→ **Directions for this task**: What is needed here is an exact copy of all the records below.

→ **Material for the task**:
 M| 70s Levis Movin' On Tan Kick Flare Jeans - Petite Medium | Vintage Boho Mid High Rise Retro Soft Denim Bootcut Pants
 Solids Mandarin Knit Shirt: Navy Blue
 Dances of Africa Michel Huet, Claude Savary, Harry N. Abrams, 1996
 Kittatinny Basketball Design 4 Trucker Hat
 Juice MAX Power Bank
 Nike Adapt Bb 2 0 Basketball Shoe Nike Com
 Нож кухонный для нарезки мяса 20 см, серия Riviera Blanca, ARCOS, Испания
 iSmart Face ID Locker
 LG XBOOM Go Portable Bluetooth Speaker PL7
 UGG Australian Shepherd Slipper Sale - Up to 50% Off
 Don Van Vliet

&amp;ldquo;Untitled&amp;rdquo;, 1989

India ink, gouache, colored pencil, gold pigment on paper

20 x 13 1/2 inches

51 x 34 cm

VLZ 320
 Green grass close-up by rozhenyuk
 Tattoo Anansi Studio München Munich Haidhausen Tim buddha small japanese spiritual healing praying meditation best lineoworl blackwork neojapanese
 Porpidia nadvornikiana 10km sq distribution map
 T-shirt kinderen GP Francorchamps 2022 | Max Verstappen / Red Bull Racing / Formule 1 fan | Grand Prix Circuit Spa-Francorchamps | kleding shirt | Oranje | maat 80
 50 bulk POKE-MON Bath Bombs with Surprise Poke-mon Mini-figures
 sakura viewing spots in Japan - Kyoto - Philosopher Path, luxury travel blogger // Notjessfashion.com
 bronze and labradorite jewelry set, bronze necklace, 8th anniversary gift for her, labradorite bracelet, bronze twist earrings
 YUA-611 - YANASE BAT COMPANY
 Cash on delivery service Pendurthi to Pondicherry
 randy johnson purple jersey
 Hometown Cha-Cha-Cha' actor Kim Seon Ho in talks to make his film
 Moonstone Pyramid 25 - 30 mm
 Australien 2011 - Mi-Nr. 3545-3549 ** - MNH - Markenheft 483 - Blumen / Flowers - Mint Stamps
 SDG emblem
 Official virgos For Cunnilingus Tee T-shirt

→ **Problem solution**:
 M| 70s Levis Movin' On Tan Kick Flare Jeans - Petite Medium | Vintage Boho Mid High Rise Retro Soft Denim Bootcut Pants
 Solids Mandarin Knit Shirt: Navy Blue
 Dances of Africa Michel Huet, Claude Savary, Harry N. Abrams, 1996
 Kittatinny Basketball Design 4 Trucker Hat
 Juice MAX Power Bank
 Nike Adapt Bb 2 0 Basketball Shoe Nike Com
 Нож кухонный для нарезки мяса 20 см, серия Riviera Blanca, ARCOS, Испания
 iSmart Face ID Locker
 LG XBOOM Go Portable Bluetooth Speaker PL7
 UGG Australian Shepherd Slipper Sale - Up to 50% Off
 Don Van Vliet

&amp;ldquo;Untitled&amp;rdquo;, 1989

India ink, gouache, colored pencil, gold pigment on paper

20 x 13 1/2 inches

51 x 34 cm

VLZ 320
 Green grass close-up by rozhenyuk
 Tattoo Anansi Studio München Munich Haidhausen Tim buddha small japanese spiritual healing praying meditation best lineoworl blackwork neojapanese
 Porpidia nadvornikiana 10km sq distribution map
 T-shirt kinderen GP Francorchamps 2022 | Max Verstappen / Red Bull Racing / Formule 1 fan | Grand Prix Circuit Spa-Francorchamps | kleding shirt | Oranje | maat 80
 50 bulk POKE-MON Bath Bombs with Surprise Poke-mon Mini-figures
 sakura viewing spots in Japan - Kyoto - Philosopher Path, luxury travel blogger // Notjessfashion.com
 bronze and labradorite jewelry set, bronze necklace, 8th anniversary gift for her, labradorite bracelet, bronze twist earrings
 YUA-611 - YANASE BAT COMPANY
 Cash on delivery service Pendurthi to Pondicherry
 randy johnson purple jersey
 Hometown Cha-Cha-Cha' actor Kim Seon Ho in talks to make his film
 Moonstone Pyramid 25 - 30 mm
 Australien 2011 - Mi-Nr. 3545-3549 ** - MNH - Markenheft 483 - Blumen / Flowers - Mint Stamps
 SDG emblem
 Official virgos For Cunnilingus Tee T-shirt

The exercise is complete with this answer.